**Activity**
In the entries below, find the line with "Michael Kors Handbags, Black" and print exactly every line from there up to and including the line with "Cherry pie with", with no other lines.

Stored data:
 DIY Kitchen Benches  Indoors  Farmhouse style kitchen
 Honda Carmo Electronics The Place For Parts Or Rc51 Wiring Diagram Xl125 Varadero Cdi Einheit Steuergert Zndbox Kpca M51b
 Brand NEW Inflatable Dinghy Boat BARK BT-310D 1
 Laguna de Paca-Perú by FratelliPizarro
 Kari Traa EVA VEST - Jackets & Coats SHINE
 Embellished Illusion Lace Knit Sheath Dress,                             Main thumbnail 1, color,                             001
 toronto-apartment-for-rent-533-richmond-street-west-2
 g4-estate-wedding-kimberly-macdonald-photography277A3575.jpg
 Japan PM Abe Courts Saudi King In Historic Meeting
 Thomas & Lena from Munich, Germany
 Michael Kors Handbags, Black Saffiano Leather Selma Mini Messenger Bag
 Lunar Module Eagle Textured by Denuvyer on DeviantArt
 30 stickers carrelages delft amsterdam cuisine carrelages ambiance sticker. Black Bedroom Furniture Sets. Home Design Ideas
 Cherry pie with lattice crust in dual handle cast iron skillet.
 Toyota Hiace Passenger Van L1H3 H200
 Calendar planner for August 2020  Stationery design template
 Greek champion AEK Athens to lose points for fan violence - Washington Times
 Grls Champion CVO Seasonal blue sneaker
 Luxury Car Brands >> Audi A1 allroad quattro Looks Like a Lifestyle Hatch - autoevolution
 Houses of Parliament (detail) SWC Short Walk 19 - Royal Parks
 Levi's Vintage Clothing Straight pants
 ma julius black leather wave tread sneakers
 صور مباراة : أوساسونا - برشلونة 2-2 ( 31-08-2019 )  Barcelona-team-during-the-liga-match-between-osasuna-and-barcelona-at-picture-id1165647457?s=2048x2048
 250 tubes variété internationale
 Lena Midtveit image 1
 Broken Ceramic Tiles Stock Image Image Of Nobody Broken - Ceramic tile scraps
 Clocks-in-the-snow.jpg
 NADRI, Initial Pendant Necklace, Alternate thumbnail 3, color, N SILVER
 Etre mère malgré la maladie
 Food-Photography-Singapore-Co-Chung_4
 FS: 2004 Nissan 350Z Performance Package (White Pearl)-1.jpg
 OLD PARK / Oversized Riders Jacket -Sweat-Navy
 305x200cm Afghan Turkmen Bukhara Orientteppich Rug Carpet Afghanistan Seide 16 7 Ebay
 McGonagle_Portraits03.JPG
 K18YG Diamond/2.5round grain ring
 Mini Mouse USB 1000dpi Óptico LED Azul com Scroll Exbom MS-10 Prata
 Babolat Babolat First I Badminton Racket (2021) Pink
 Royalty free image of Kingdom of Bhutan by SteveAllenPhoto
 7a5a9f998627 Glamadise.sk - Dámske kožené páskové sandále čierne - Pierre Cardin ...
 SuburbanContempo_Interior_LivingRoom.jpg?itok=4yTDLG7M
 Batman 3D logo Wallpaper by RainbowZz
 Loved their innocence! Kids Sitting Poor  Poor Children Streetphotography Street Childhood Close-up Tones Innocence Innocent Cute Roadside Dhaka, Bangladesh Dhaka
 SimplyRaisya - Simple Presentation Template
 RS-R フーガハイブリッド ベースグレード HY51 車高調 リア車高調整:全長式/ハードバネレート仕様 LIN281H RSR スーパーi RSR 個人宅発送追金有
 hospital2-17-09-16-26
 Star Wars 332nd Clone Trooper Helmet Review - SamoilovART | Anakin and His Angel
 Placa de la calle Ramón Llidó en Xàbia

**Exercise answer**
 Michael Kors Handbags, Black Saffiano Leather Selma Mini Messenger Bag
 Lunar Module Eagle Textured by Denuvyer on DeviantArt
 30 stickers carrelages delft amsterdam cuisine carrelages ambiance sticker. Black Bedroom Furniture Sets. Home Design Ideas
 Cherry pie with lattice crust in dual handle cast iron skillet.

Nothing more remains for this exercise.